Você já matou alguém? Ana aponta a arma pra minha testa.


Já.


Foi bom?


Foi.


Como?


Um alívio.


Como nós dois na cama?


Não, não, outra coisa. O outro lado disso.


Eu não tenho medo de você, Ana diz.


Nem eu de você. Eu te amo.


Conversamos até amanhecer. Sinto uma espécie de febre. Faço café pra Dona Clotilde e levo pra ela na cama. Vou sair com Ana, digo. Deus ouviu minhas preces, diz a velha entre goles.


* * *
Hoje é dia vinte e quatro de dezembro, dia do Baile de Natal ou Primeiro Grito de Carnaval. Ana Palindrômica saiu de casa e está morando comigo. Meu ódio agora é diferente. Tenho uma missão. Sempre tive uma missão e não sabia. Agora sei. Ana me ajudou a ver. Sei que se todo fodido fizesse como eu o mundo seria melhor e mais justo. Ana me ensinou a usar explosivos e acho que já estou preparado para essa mudança de escala. Matar um por um é coisa mística e disso eu me libertei. No Baile de Natal mataremos convencionalmente os que pudermos. Será o meu último gesto romântico inconseqüente. Escolhemos para iniciar a nova fase os compristas nojentos de um supermercado da zona sul. Serão mor¬tos por uma bomba de alto poder explosivo. Adeus, meu facão, adeus meu punhal, meu rifle, meu Colt Cobra, adeus minha Magnum, hoje será o último dia em que vocês serão usados. Beijo o meu facão. Explodirei as pessoas, adquirirei prestigio; não serei apenas o louco da Magnum. Também não sairei mais pelo parque do Flamengo olhando as árvores; os troncos, a raiz, as folhas, a sombra, escolhendo a árvore que eu queria ter, que eu sempre quis ter, num pedaço de chão de terra batida. Eu as vi crescer no parque e me alegrava quando chovia e a terra se empapava de água, as folhas lavadas de chuva, o vento balançando os galhos, enquanto os carros dos canalhas passavam velozmente sem que eles olhas¬sem para os lados. Já não perco meu tempo com sonhos.

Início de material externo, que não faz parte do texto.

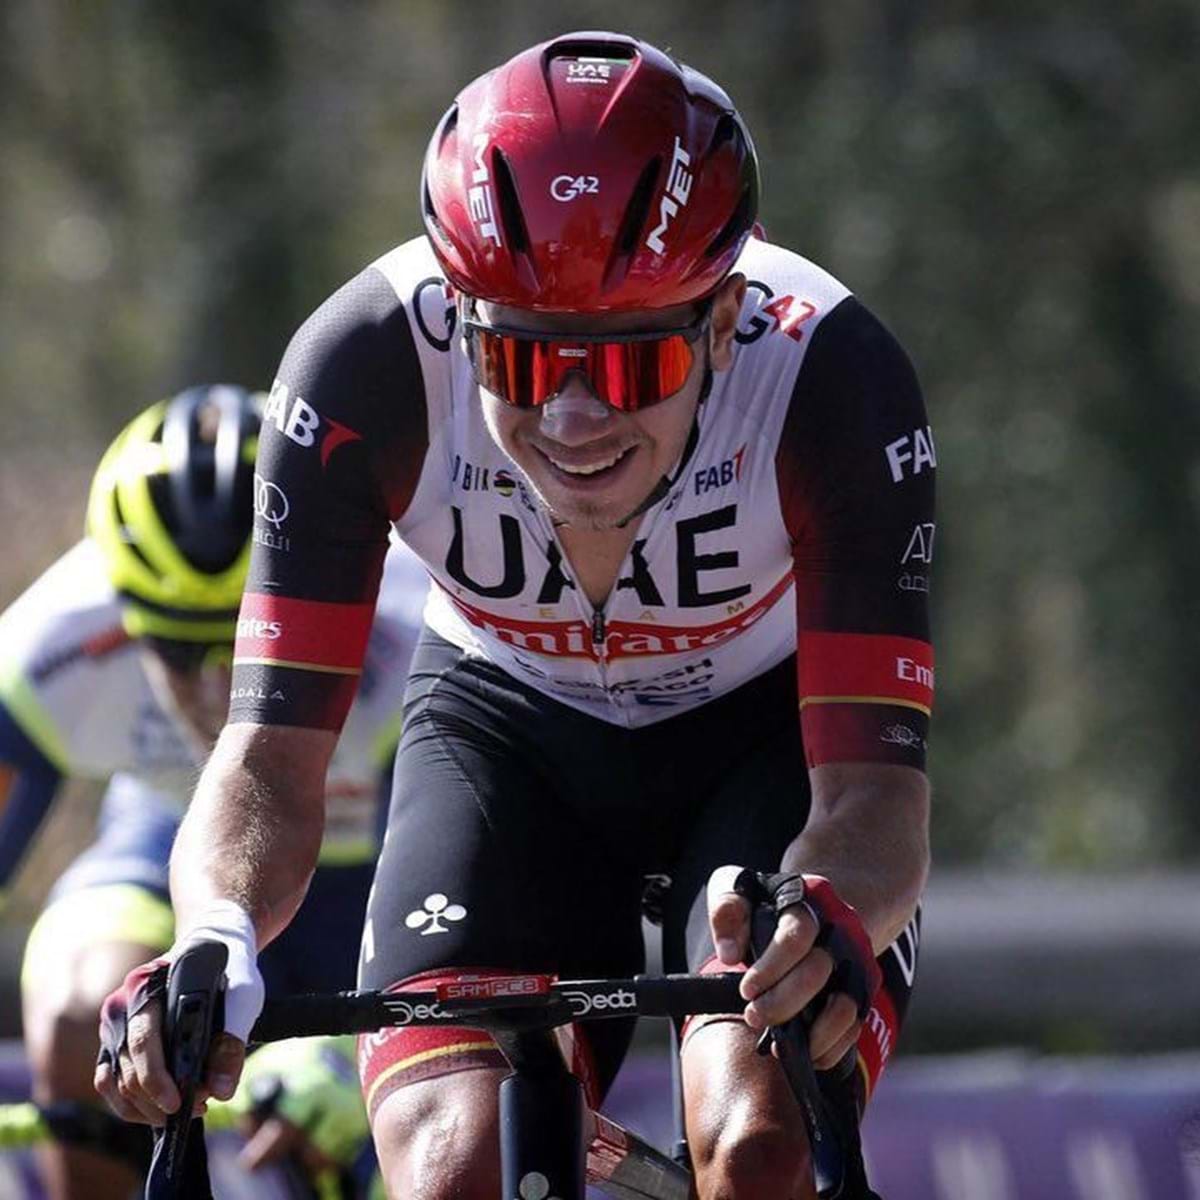 Selecionador português de ciclismo de pista: Fizemos um excelente

O mundo inteiro saberá quem é você, quem somos nós, diz Ana.


Notícia: O Governador vai se fantasiar de Papai Noel. Notícia: menos festejos e mais meditação, vamos purificar o coração. Notícia: Não faltará cerveja. Não faltarão perus. Notícia: Os festejos natalinos causarão este ano mais vítimas de trânsito e de agressões do que nos anos anteriores. Policia e hospitais preparam-se para as comemorações de Natal. O Cardeal na televisão: a festa de Natal está deturpada, o seu sentido não é este, essa história de Pagai Noel é uma invenção infeliz. O Cardeal afirma que Papai Noel é um palhaço fictício.


Véspera de Natal é um bom dia para essa gente pagar o que deve, diz Ana. O Papai Noel do baile eu mesmo quero matar com o facão, digo.


Leio para Ana o que escrevi, nosso manifesto de Natal, para os jornais. Nada de sair matando a esmo, sem objetivo definido. Eu não sabia o que queria, não buscava um resultado prático, meu ódio estava sendo desperdiçado. Eu estava certo nos meus impulsos, meu erro era não saber quem era o inimigo e por que era inimigo. Agora eu sei, Ana me ensinou. E o meu exemplo deve ser seguido por outros, muitos outros, só assim mudaremos o mundo. É a síntese do nosso manifesto.


Ponho as armas numa mala. Ana atira tão bem quanto eu, só não sabe manejar o facão, mas essa arma agora é obsoleta. Damos até logo à Dona Clotilde. Botamos a mala no carro. Vamos ao Baile de Natal. Não faltará cerveja, nem perus. Nem sangue. Fecha-se um ciclo da minha vida e abre-se outro.